Dr. Kathryn Hall1, Matt Andrews2, Mr. Simon Checksfield2, Ms. Keeva Connolly5, Mr. Peter Brenton2, Mr. Christopher Mangion2, Ms. Winnie Mok6, Ms. Caitlin Ramsay1, Ms. Sarah Richmond4, Mr. Goran Sterjov3, Dr. Nigel Ward5, Mr. Peter Brenton2
1Atlas of Living Australia, Brisbane, Australia, 2Atlas of Living Australia, Canberra, Australia, 3Atlas of Living Australia, Melbourne, Australia, 4Bioplatforms Australia, Macquarie University, Australia, 5Australian BioCommons, Brisbane, Australia, 6Australian BioCommons, Melbourne, Australia
Biography:
ORCID iD: https://orcid.org/0000-0002-8785-4513
Kathryn is the Product Champion and Project Manager for the Australian Reference Genome Atlas with the Atlas of Living Australia. Kathryn holds a PhD in the taxonomy of marine flatworm parasites from fishes, and worked for many years, prior to joining the ALA, in the field of invertebrate taxonomy and systematics at the Queensland Museum, where she grew to know and love the unique qualities of marine sponges.
It was through her work with marine sponges that she first became interested in the eResearch domain. With colleagues at the museum, she amassed specimens, collection data and morphological observations into a single database to help with the MarBOL (Marine Barcode of Life) Project, and along the way learnt many things about relational databasing and the importance of identifiers. This database grew into the SpongeMaps project and from there, she has continued to work in the field of eResearch, keen to make getting access to and understanding data as easy as possible for other taxonomists, as well as other biological researchers.
Abstract:
The Australian Reference Genome Atlas (ARGA) empowers researchers to search for genomic data derived from Australia’s biodiversity through a number of lenses, for example, taxonomy, ecology, and biogeography. Searching for data using taxonomy can be uniquely challenging. Genomic data are stored in repositories under the taxon name given to them when the data were generated, presenting snapshot views of specimens and their identities; but, specimen identifications can be fluid, particularly in light of genomic data, as can the taxonomy used to classify organisms.
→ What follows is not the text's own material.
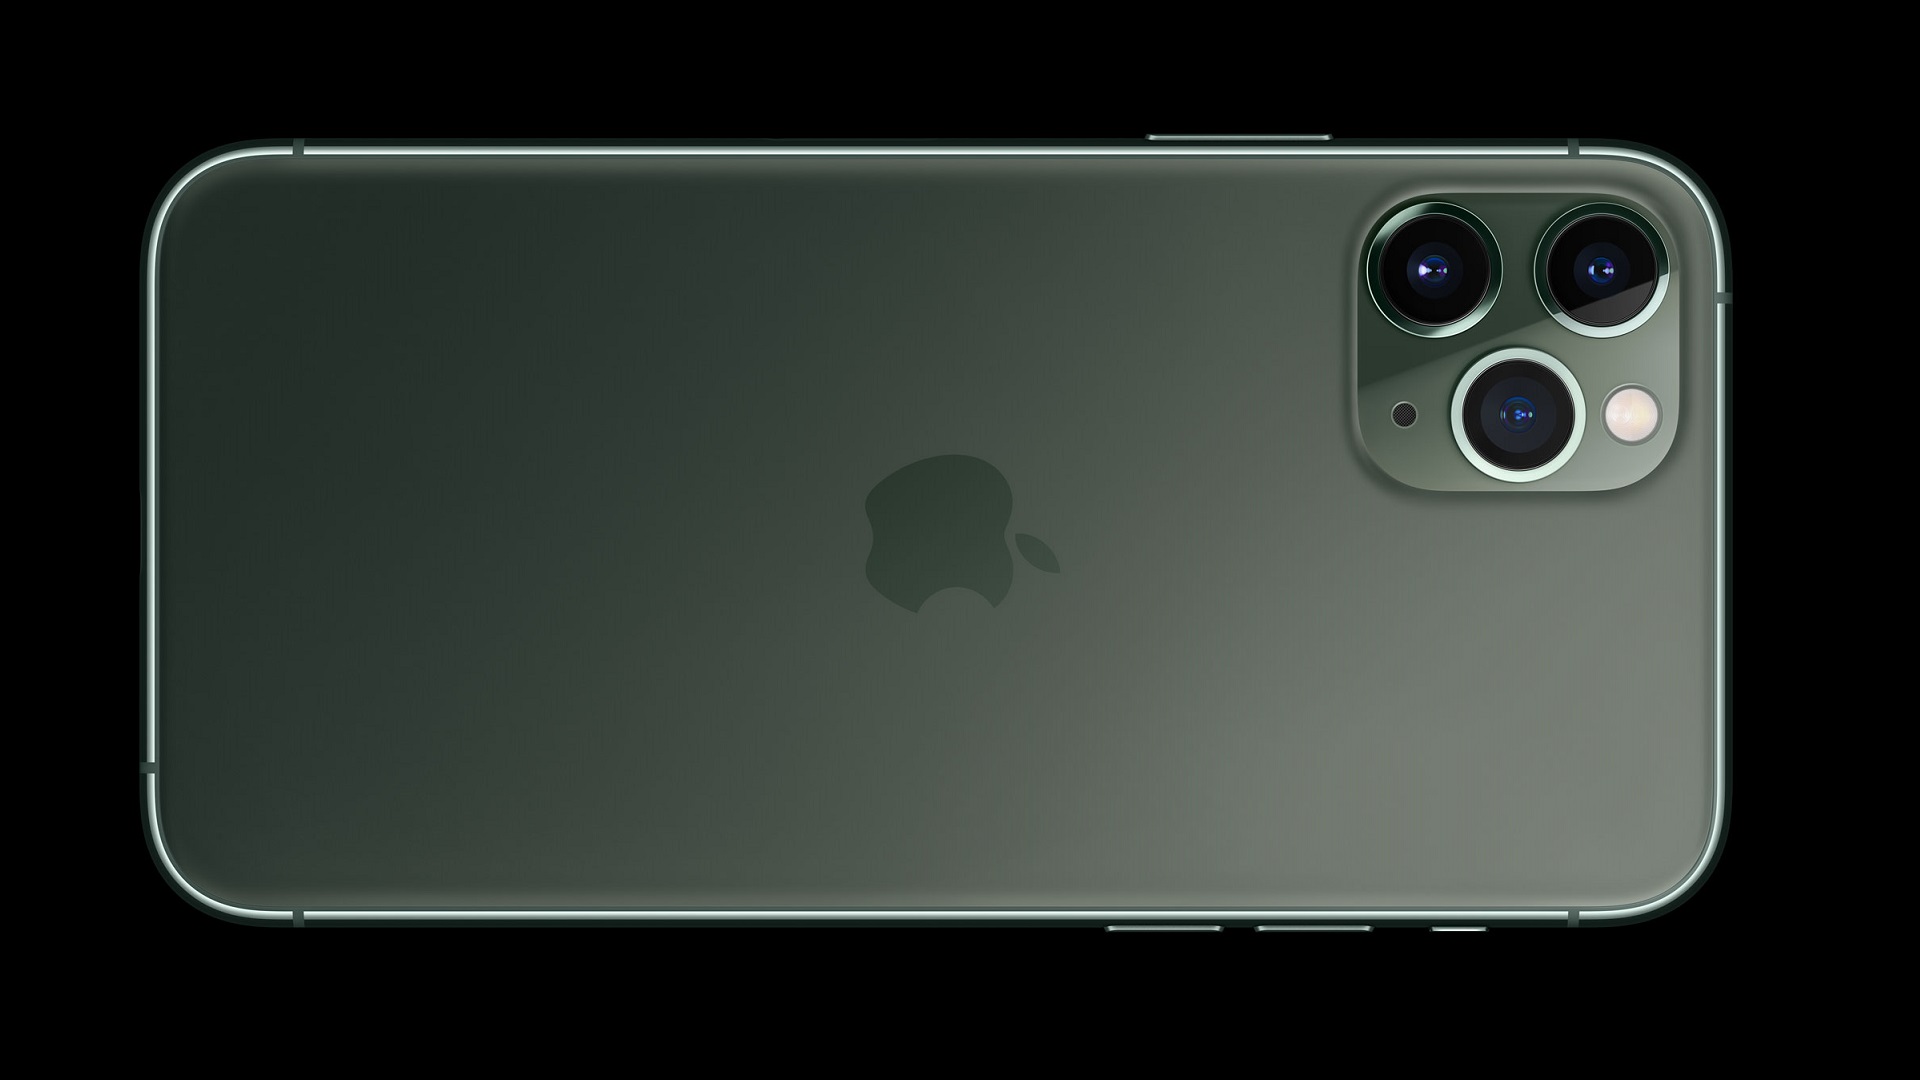 Apple Iphone 11 Pro Announced Featuring Four Cameras All

The changeability of taxonomy and specimen identifications makes name-driven searching fragile; this can be overcome programmatically using expansive alternative name frameworks, but, to be useful, these classifications must be maintained. Taxonomies are subject to expert opinion and are time-intensive to curate. Moreover, interpolating nomenclatural changes post-hoc onto genomic datasets introduces confusion, which reduces overall data transparency for end-users. If data indexed by ARGA are discovered via an alternative taxon name, is that because the organism identification was revised, or because the nomenclature changed?
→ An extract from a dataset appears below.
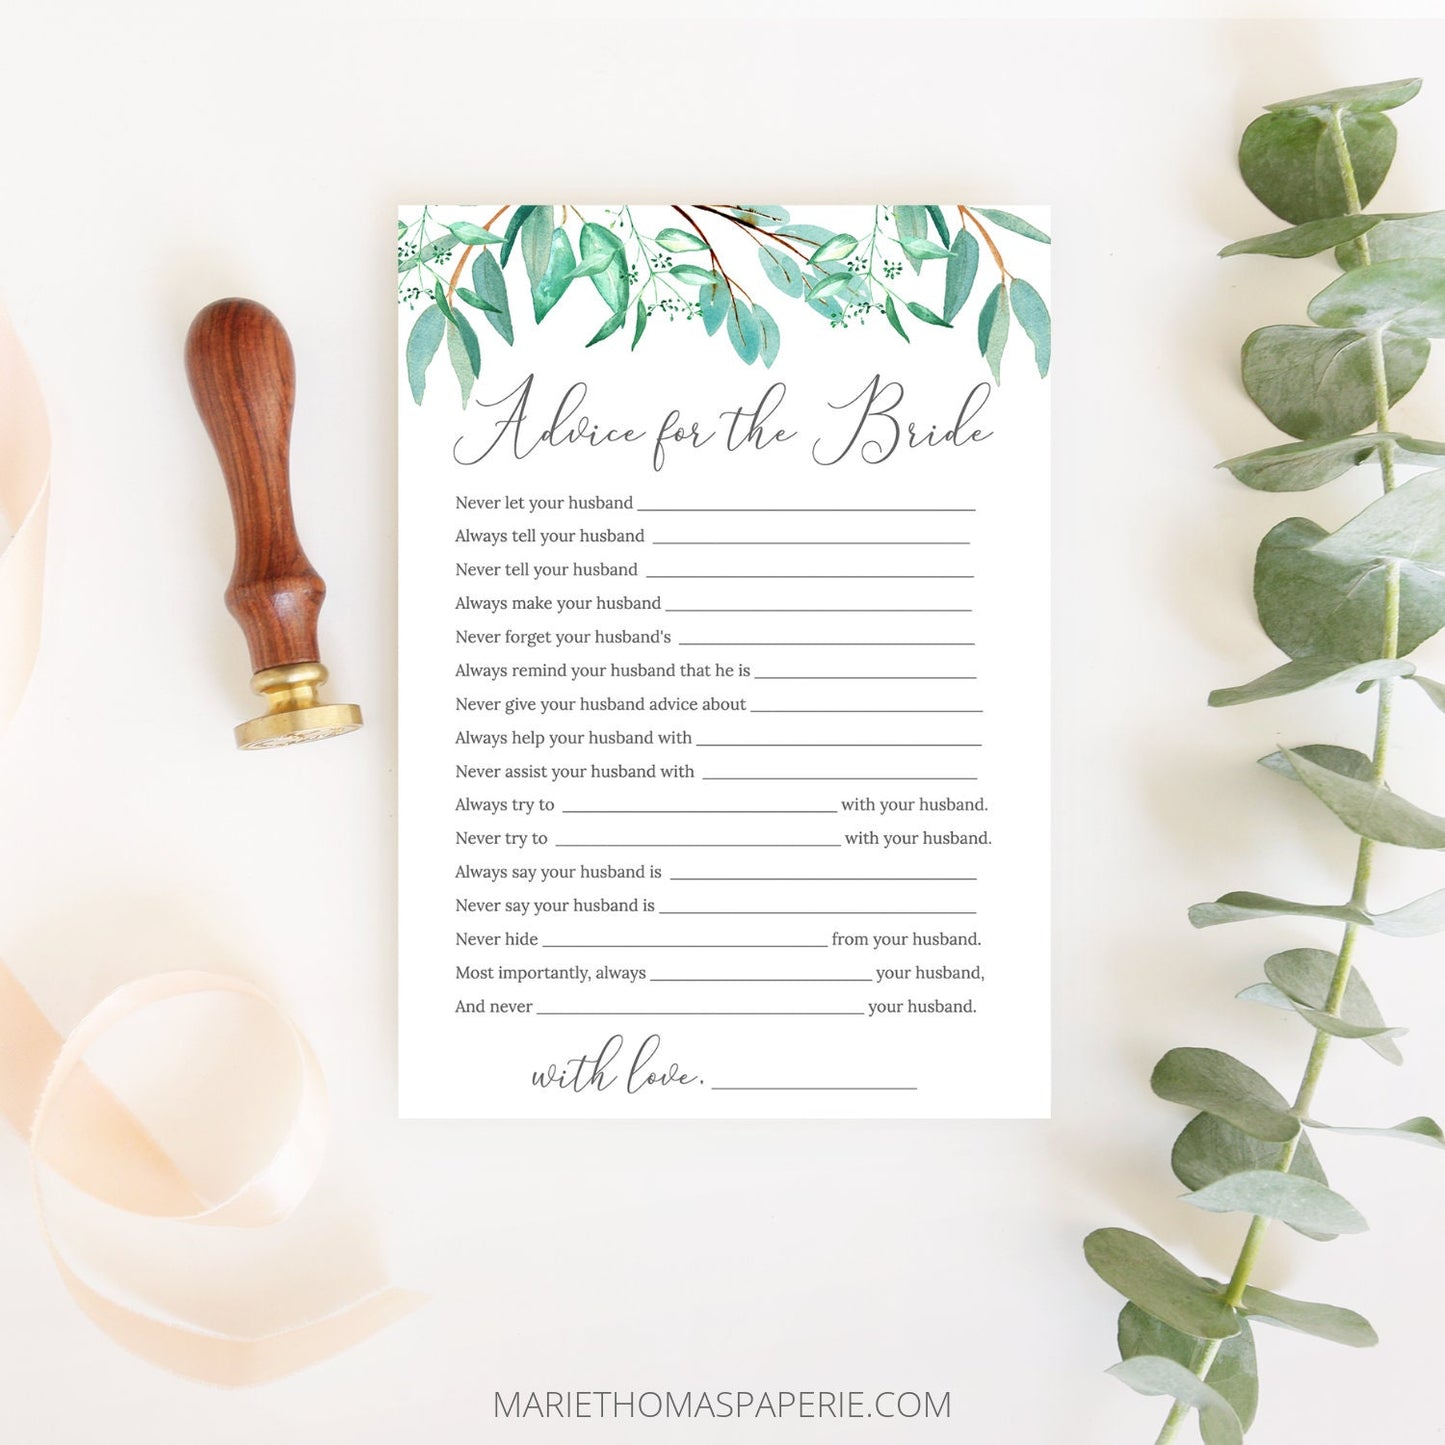 Editable Bridal Shower Games Wedding Advice Cards Advice for the Bride Greenery Template

ARGA has developed timelined specimen and taxonomic histories, which enable users to see, in one platform, the full history of specimen identifications, and track changes in the nomenclature for those identifications. All identification and taxon metadata are displayed with metadata attributions, enabling ARGA users to visit sources as wanted. The ARGA metadata chains are critical for helping users: understand when, why and how any names have changed; and keep currency, so data may be reused with the identifiers that best describe accepted taxon concepts.